Well on my way in this advanced spiritual practice, here are three things I realized about this powerful practice:

Forgiveness brings clarity.  Since following Marianne Williamson’s advice, and since having made several other lists of people I now realize I need to forgive on one level or another, I now see more clearly the soul contracts behind these complicated relationships and the purposes behind them.  I see more lucidly why things happened the way they happened and saw the good that came out of it as opposed to being clouded by the negative aftermath.

Forgiveness is a process.  It doesn’t happen overnight.  I’d be lying if I said that while I wish these three people true happiness and joy, there is definitely 15% of me that still would consider throwing a pie in their face mid-sentence a la Anita Bryant.  But several weeks ago that percentage was more like 25% and I’m hoping next week it will be down to 10%.  For some people, it might take years to fully forgive.  But if we are truly honest with ourselves, people in our lives fail us in greater and smaller ways all the time and the practice of forgiveness is a constant one.

Forgiveness opens doorways.  Through forgiving, you make yourself available to better things that can come into your life.  Carrying around excess bitterness and resentment closes you off to opportunities; yet, when your heart is open, you are truly able to receive.  You’re spiritually available for the amazing people, events and chances meant for you in this lifetime.

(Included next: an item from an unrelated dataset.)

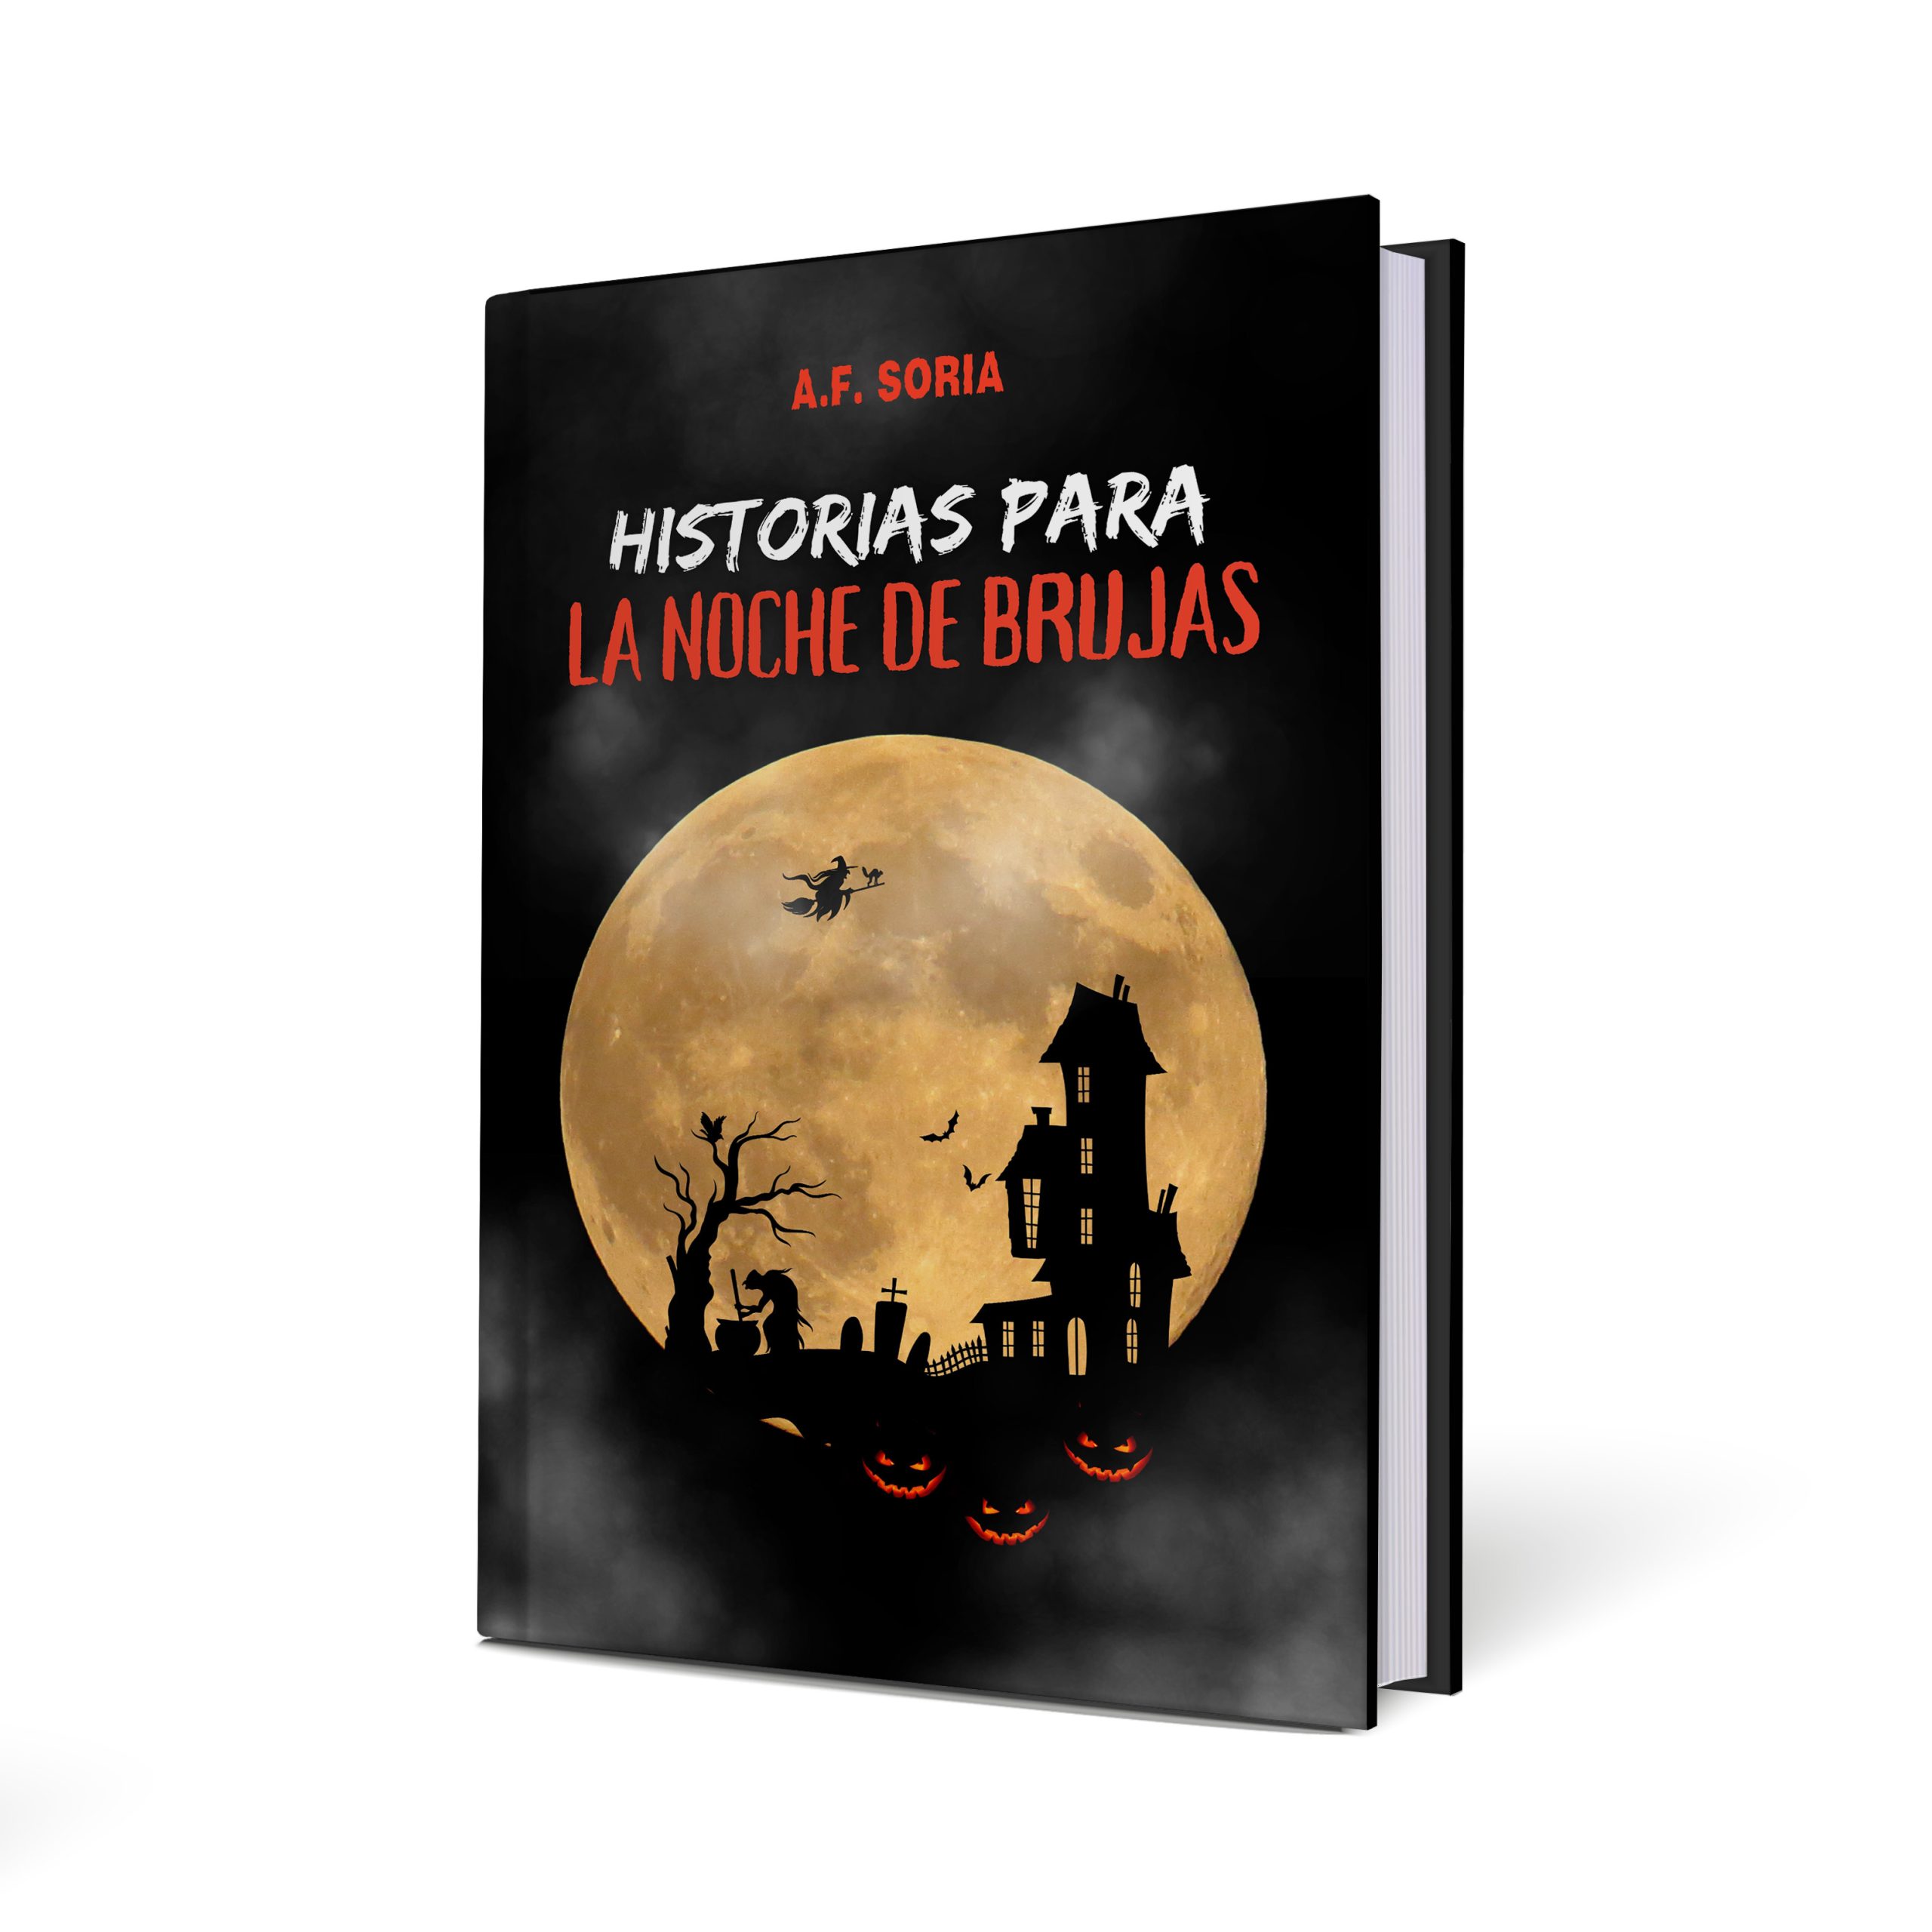 A.F. Soria “Historias para la Noche de Brujas”

I wasn’t ready for this lesson a few years ago.  It seemed too daunting, too difficult.  And let me tell you, it’s definitely not easy, forgiving someone on that cellular level, particularly in the beginning.  But I realize I’m now ready because I really strive to view people in the 360, there’s a genuine want there.  And while I’m sure there’s a longer road ahead, I know I have those two ladies playing limp wrist in my dream to thank.  ‘Cause even though I yelled at them a little, they got me off and running.  And let me tell you, you’re not really off and running until you learn to forgive.